Re: [Qemu-devel] Some questions about qcow2 code

Zhi Yong Wu Mon, 14 May 2012 08:03:34 -0700

On Fri, May 11, 2012 at 9:27 AM, Stefan Hajnoczi <stefa...@gmail.com> wrote:
> On Fri, May 4, 2012 at 3:44 AM, Zhi Yong Wu <zwu.ker...@gmail.com> wrote:
>> On Sun, Apr 29, 2012 at 1:35 AM, Stefan Hajnoczi <stefa...@gmail.com> wrote:
>>> On Sat, Apr 28, 2012 at 5:25 PM, Zhi Yong Wu <zwu.ker...@gmail.com> wrote:
>>>
>>> Here explanations for quick ones that I know without looking at the
>>> code.  I think they will help you understand some of the other ones
>>> too.
>>>
>>> Please send questions like this to qemu-devel@nongnu.org so the thread
>>> is archived on the mailing lists and others can learn from it.
>> I feel better and free if it is in private way. :)
>
> No one else in the community can learn from the discussion or help
> out.  We need to be comfortable doing things in public.
OK, i public this mail discussion, and hope that i can help other guys
interested in qcow2.
>
>>>
>>>> 1.
>>>> static int get_refcount(BlockDriverState *bs, int64_t cluster_index)
>>>> {
>>>> ...
>>>>    refcount_table_index = cluster_index >> (s->cluster_bits - 
>>>> REFCOUNT_SHIFT);
>>>> ...
>>>>
>>>>    block_index = cluster_index &
>>>>        ((1 << (s->cluster_bits - REFCOUNT_SHIFT)) - 1);
>>>> How to understand the two expressions?
>>>> ...
>>>> }
>>>
>>> See "Host cluster management" in the qcow2 spec.  Refcounts are stored
>>> in a 2-level table, refcount_table_index is the L1 table where we
>>> store the offset of refcount blocks.  block_index is the index of the
>>> refcount block element that contains the actual reference count.

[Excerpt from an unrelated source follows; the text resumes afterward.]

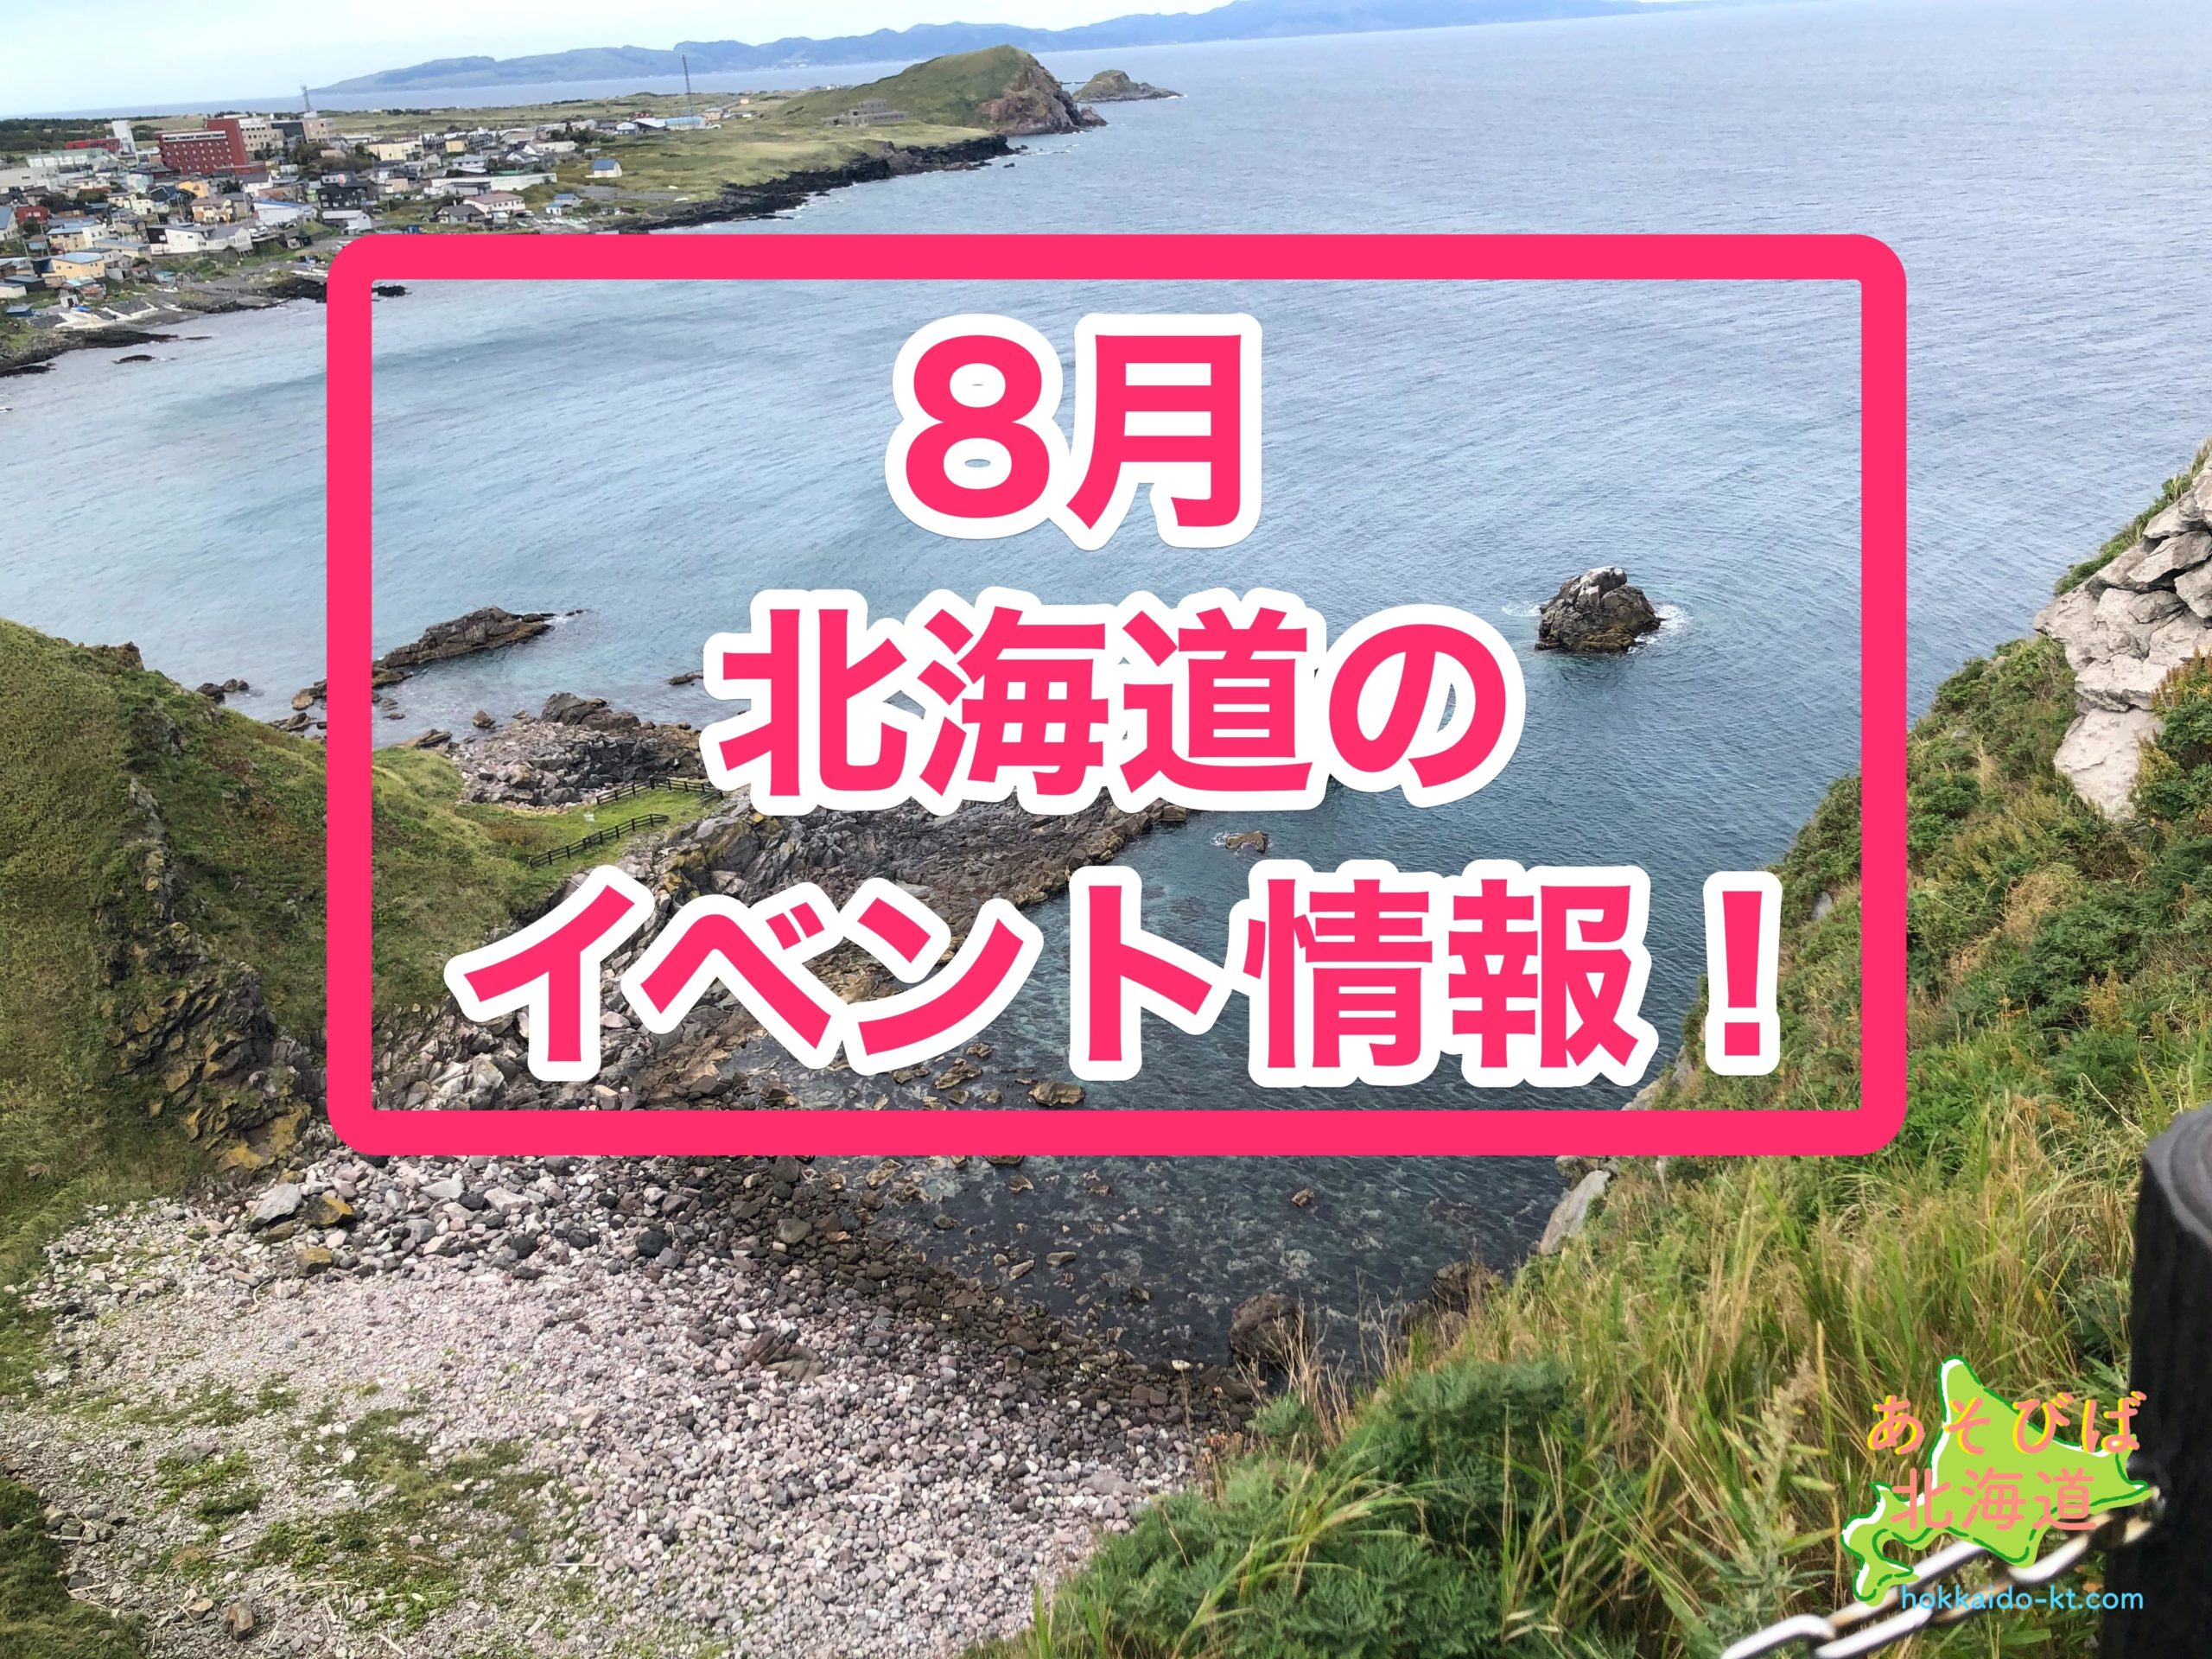 8月の北海道のイベント情報
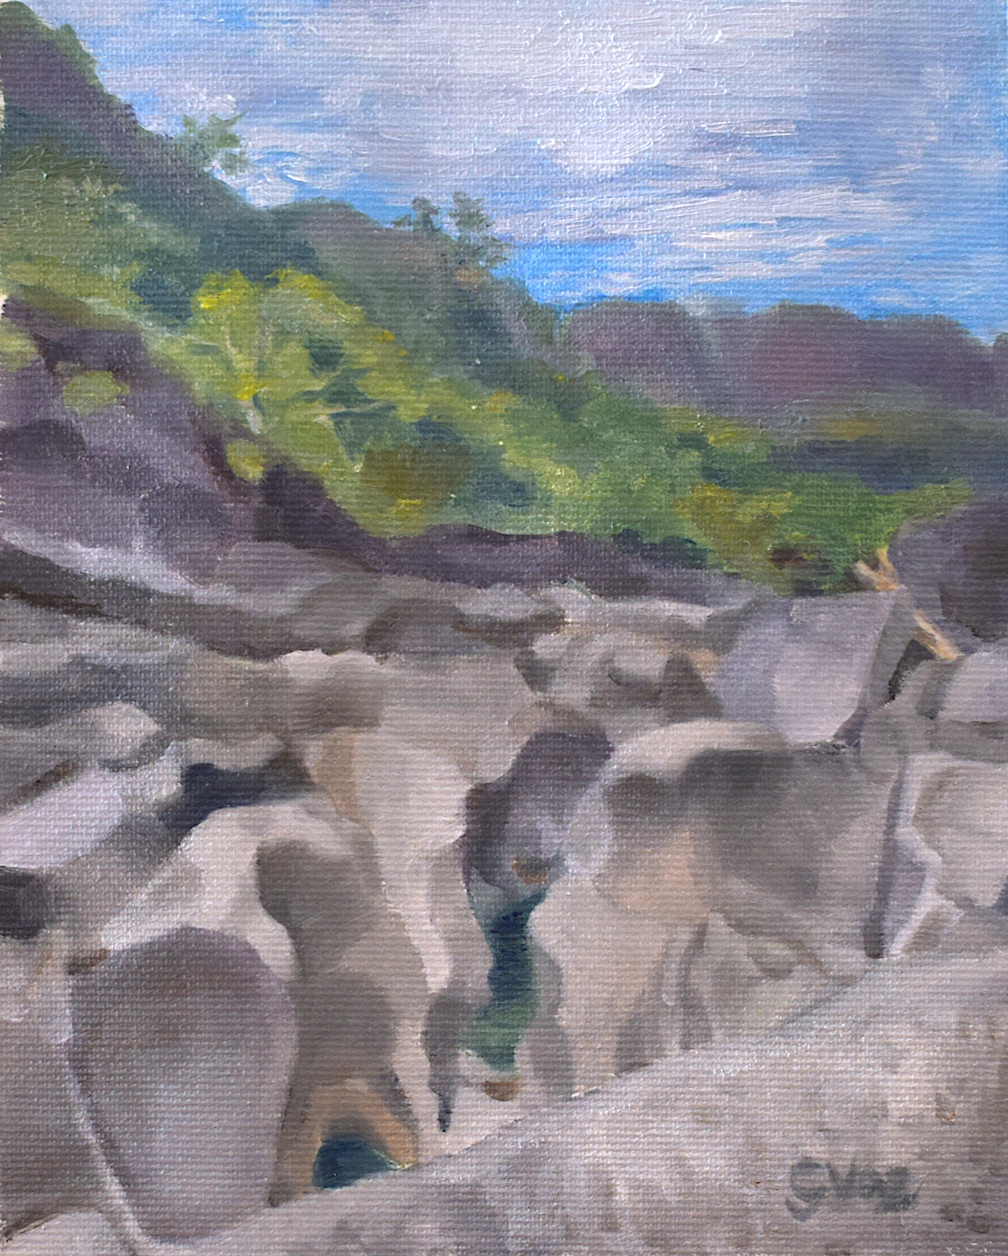 Vale da Lua, oil on canvas, 19 x 15 cm, 2021

>> I knew what refcount_table_index and block_index mean. Actually what i
>> want to ask is that what "cluster_index >> (s->cluster_bits -
>> REFCOUNT_SHIFT)" and "cluster_index & ((1 << (s->cluster_bits -
>> REFCOUNT_SHIFT)) - 1)" mean? why are they refcount_table_index and
>> block_index? why to need REFCOUNT_SHIFT? because refcount block entry
>> is 16 bits?
>
> The cluster_index is the image file cluster number:
>
> | 0 | 1 | 2 | 3 | ...
> image file
>
> So these calculations are just dividing and finding the remainder for
> the 2-level refcount data structure.  For example, if the refcount
> block holds 2 entries, then we have:
>
> | 0 | 1 | 2 | 3 | ...
> image file
>
> | A     | B     | ...
> image file -> refcount tables
>
> A: | x | x | B: | x | x |
> refcount tables
>
> So cluster_index = 1 means we need to look at refcount table A at index 1.
>
> In other words:
> refcount_table_index = cluster_index / 2
> block_index = cluster_index % 2
>
> The shifts and bitwise ands are just another way of expressing the
> division/modulus operation.  And instead of using a constant like "2",
> qcow2 supports variable cluster sizes (cluster_bits) and has a
> REFCOUNT_SHIFT constant.
Great, i can now understand the two expressions and other similar ones, thanks.
>
>>>
>>>> 2.
>>>>
>>>> static int QEMU_WARN_UNUSED_RESULT update_refcount(BlockDriverState *bs,
>>>>    int64_t offset, int64_t length, int addend)
>>>> {
>>>> ....
>>>>    if (addend < 0) {
>>>>        qcow2_cache_set_dependency(bs, s->refcount_block_cache,
>>>>            s->l2_table_cache);
>>>>    }
>>>> When added = -1, why to need to invoke qcow2_cache_set_dependency?
>>>
>>> The cache dependency is used to ensure that cached metadata is flushed
>>> in the correct order.  qcow2 must be careful to flush data to disk so
>>> that writes are ordered - otherwise a power failure could corrupt the
>>> image file when unordered writes are partially applied to the image
>>> file.
>> great, thanks
>>>
>>> For example, we want to allocate an image file cluster ("host
>>> cluster") *before* we reference it from a table.  Otherwise a power
>> But this example result in an allocated cluster will not be referenced
>> by one table entry if a power failure take place.
>
> It's not possible to keep the image in a "clean" state at all times,
> but we need to keep it in a "consistent" state at all times.
> "Consistent" means:
> 1. All L1/L2 table entries should point to allocated clusters.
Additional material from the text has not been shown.